- Six Types of Insurance You'll Need for Your Small Business
- What Happens if You, Your Partner, or A Shareholder Dies or Become Disabled? Now May Be A Good Time To Consider: "Insurance for Buy-Sell Agreements"!
Six Types of Insurance You'll Need for Your Small BusinessVery few things in life are riskier than starting your own business. With so much to think about, it can be reassuring to know that some aspects of your business are covered by insurance. Small business owners have to deal with many different insurance needs, ranging from health to property to liability.
- Property insurance. This is probably the most important type of insurance for protecting the financial wellbeing of your company. Property insurance should cover your assets, including money, inventory, equipment (including both office supplies and machinery) and even intangible property like the trademarks you own.
- Liability insurance. This type of insurance is also known as commercial general liability (or CGL). Liability insurance protects you in the event that you are sued. It covers four different events that your business could be held responsible for: bodily harm (to individuals other than your own employees, who are covered by worker’s compensation), slander / libel, damage to someone else’s property and making misleading public statements or false advertising.
- Auto insurance. If your company uses a company vehicle (and most businesses today do), you’ll need to have it insured. This will protect you in the event that your vehicle is damaged, stolen, or most importantly, involved in an accident in which your company is found to be at fault. If you use the same car for business and personal use, make sure that your insurance company knows this.
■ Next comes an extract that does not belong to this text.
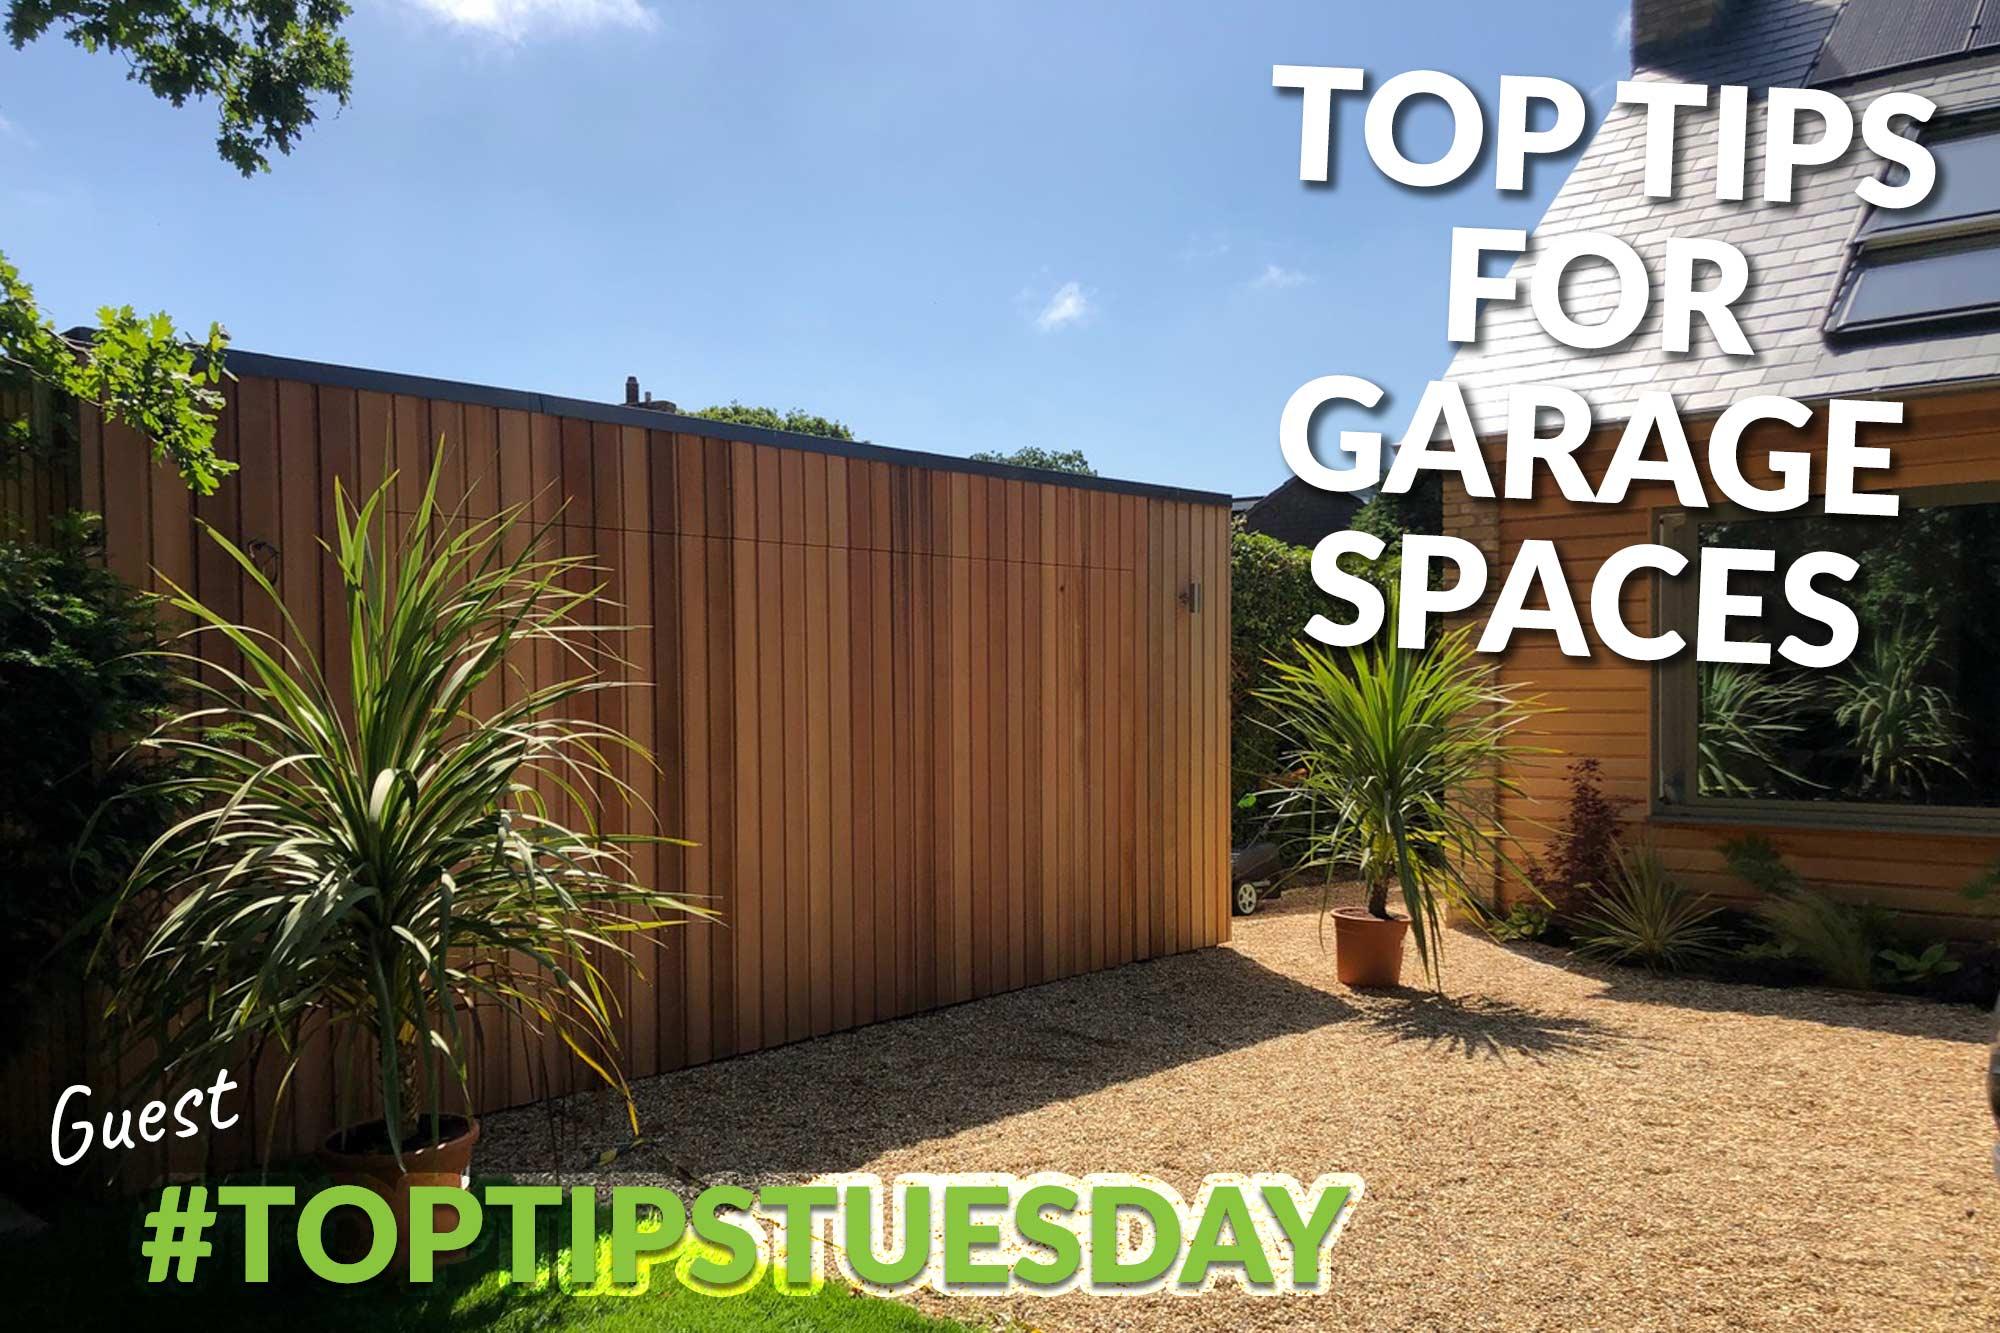 Top tips for garage doors

- Worker’s compensation insurance. This insurance is mandated by law. It protects your employees (and their dependents) by giving them financial and medical benefits in the event they are injured or killed on the job. It is not the same as health insurance.
- Health insurance. Employers are generally not required by law to provide their employees with health insurance, but many choose to do so because it’s a benefit their employees want. It’s up to the business owner to decide whether to get group coverage or individual coverage.
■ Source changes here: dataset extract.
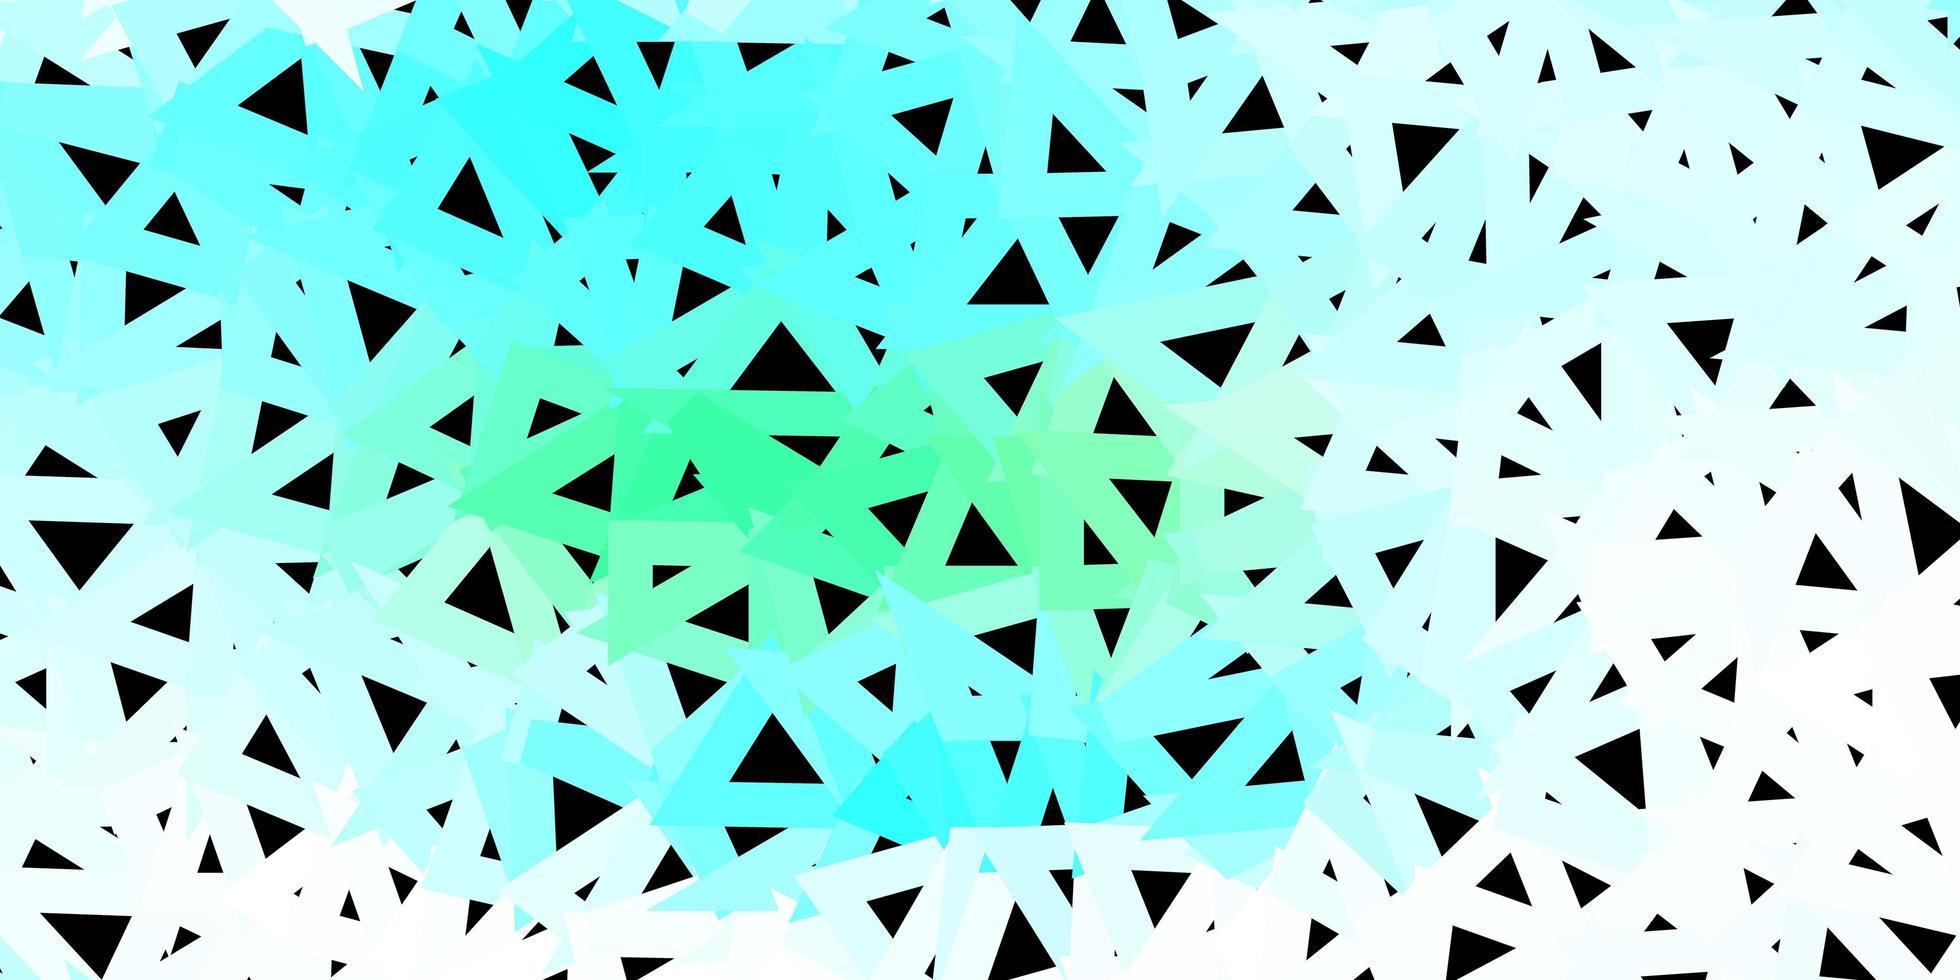 fond de mosaïque triangulaire bleu clair et vert. vecteur

- Natural disaster insurance. This only applies if your business is located in an area that’s particularly susceptible to catastrophic weather events, such as hurricanes and floods.
What Happens if You, Your Partner, or A Shareholder Dies or Become Disabled? Now May Be A Good Time To Consider: "Insurance for Buy-Sell Agreements"!Own a business? Have a will for your business? Sole proprietorships, partnerships and small closed corporations all need to consider what happens if the owner or one of the partners or shareholders dies or becomes disabled. Who will purchase the company or the deceased partner’s or shareholder’s interest? What is a fair price? When will the sale be made? Will the deceased owner’s/partner’s/shareholder’s families be given a fair shake and taken care of? These are real questions every small business should deal with before the event occurs.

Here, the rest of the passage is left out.